Николай сидел у большой груды кирпичей, грязным пальцем тыкал в мобильник. У полуразрушенной стены стучали ломами ещё двое.
– Здоров, Степаныч! Да это Венька, Трофимыч, бизьнесьмен наш хренов, халтурку подбросил. Церкву решил в посёлке поставить. А на новый-то камень его, мильёнщика, жаба задушит потратиться. Вон, этот лагерный, дармовой, говорит, возить будем. Ну, развалили. А чё нам?! Ломать – не строить. А кирпичага-то знатный! Щас таких не лепят, а?!
Степаныч открыл шарабан. Черпанул клюквы. Пересыпал с ладони в ладонь. Протянул знакомцу.
– На. Знатная ягодка. Крупняк. Позднёхонько, правда, я до неё ноне долыбал. Бусеть ужо начала.
Коля взял ягоды. Сыпанул с размаху все в рот. Жеванул пару раз. Передёрнулся всем телом. Проглотил.

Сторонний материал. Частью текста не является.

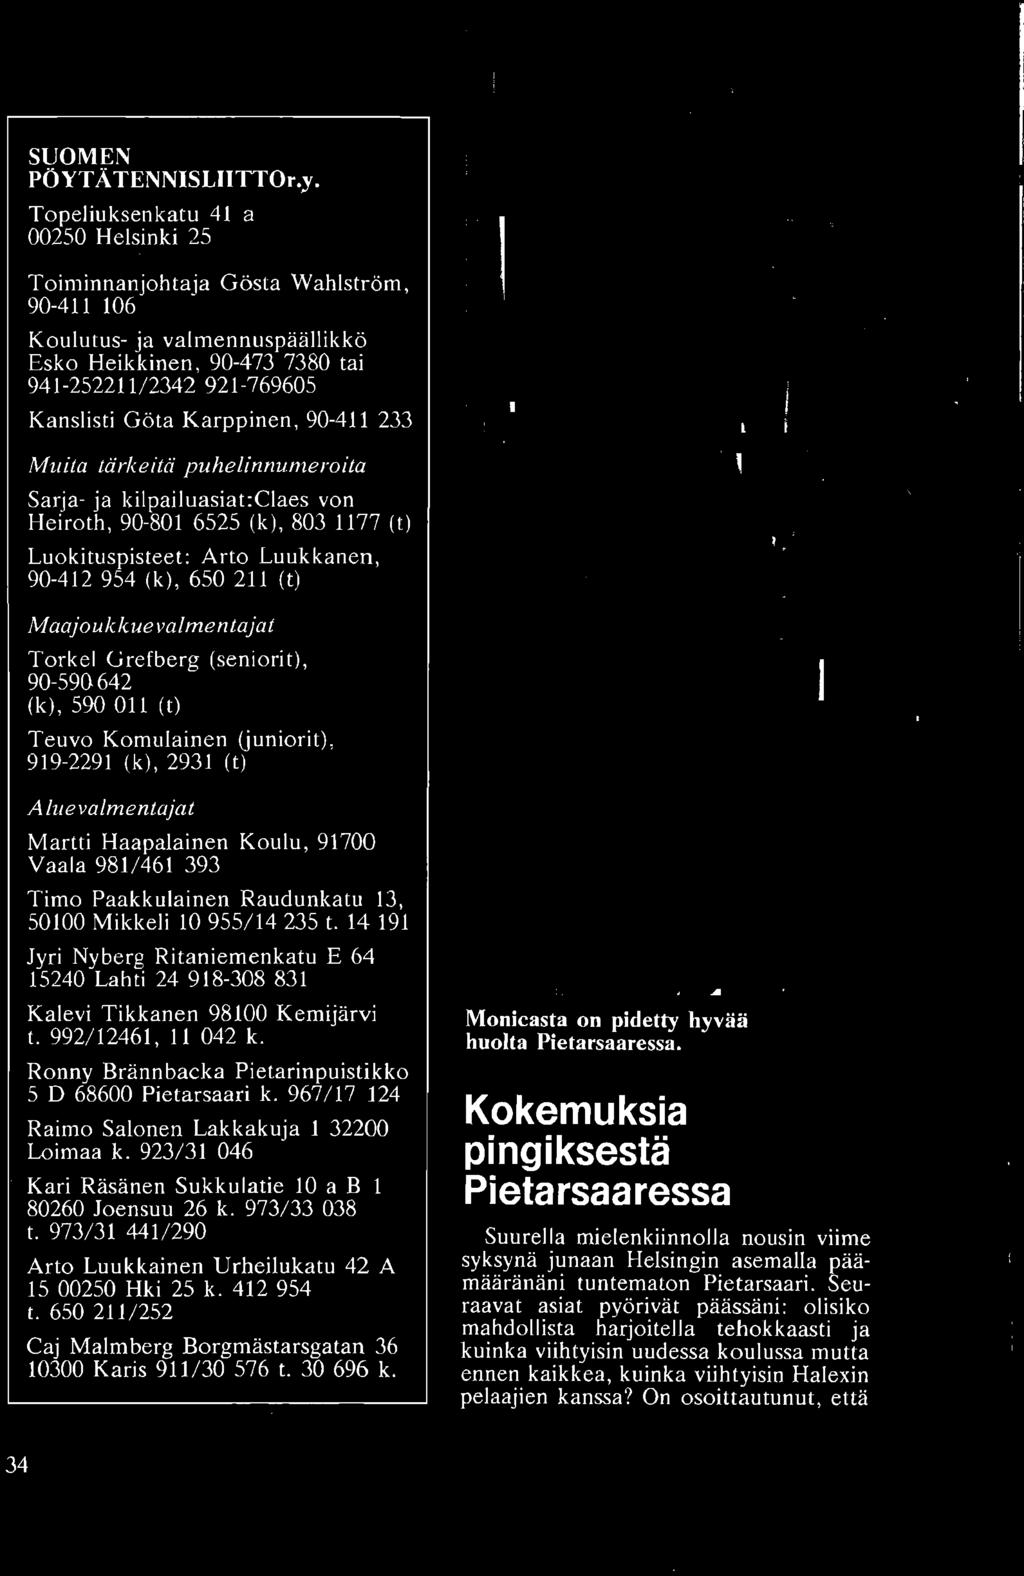 14 191 Jyri Nyberg Ritaniemenkatu E 64 15240 Lahti 24 918-308 831 Kalevi Tikkanen 98100 Kemijarvi t. 992/12461, 11 042 k. Ronny Brannbacka Pietarinpuistikko 5 D 68600 Pietarsaari k.

Старик поднял тёмный заплесневелый кирпич. Взвесил на ладони. Провёл пальцем по донышку старого округлого, воронкой, скола. Стёр рукавом грязь с камня. Положил его осторожно на крышку шарабана. Услышал. Но, как Николай, головы не поднял, рта не открыл. Ну, летят. Ну, курлыкают. Подумаешь.

*

ДАНЯ

(быль)

***
Луч добрался до лица Данилы. Даня зажмурился. Улыбнулся. Поднял руку. Закрыл ладонью глаза. Открыл их. Отвёл ладонь. Зажмурился. Снова закрыл ею лицо. Открыл. Закрыл. Открыл. Закрыл … И играл так, пока солнечный луч падал на лицо. И улыбался.

***
Солнышко и улыбка ушли с лица Данилы друг за другом.

***
Дане уже четырнадцать лет. Весит он четырнадцать килограмм. У него нет компьютера, телевизора, телефона. Нет игрушек. Да это всё ему и не нужно. Он не может ходить. Он не может сидеть. Он не может ползать. Он не может разговаривать. Он не может нормально есть. В голове у него очень мало мозга. А ещё у него нет папы и мамы.

***
Мне почти пятьдесят. Вешу я девяносто килограмм. У меня куча гаджетов. Я сильный. Я умный. Я могу и люблю хорошо покушать. Я умею и люблю разговаривать. Но вот так с солнышком я разговаривать не умею. Да оно и не будет разговаривать. Оно не будет разговаривать со мной. Потому что оно не разговаривает с уродами и идиотами.

***
Я подошёл к Даньке. Подвинул его кровать под солнечный луч. Ушёл в ординаторскую. Пусть ещё поболтают. Без свидетелей.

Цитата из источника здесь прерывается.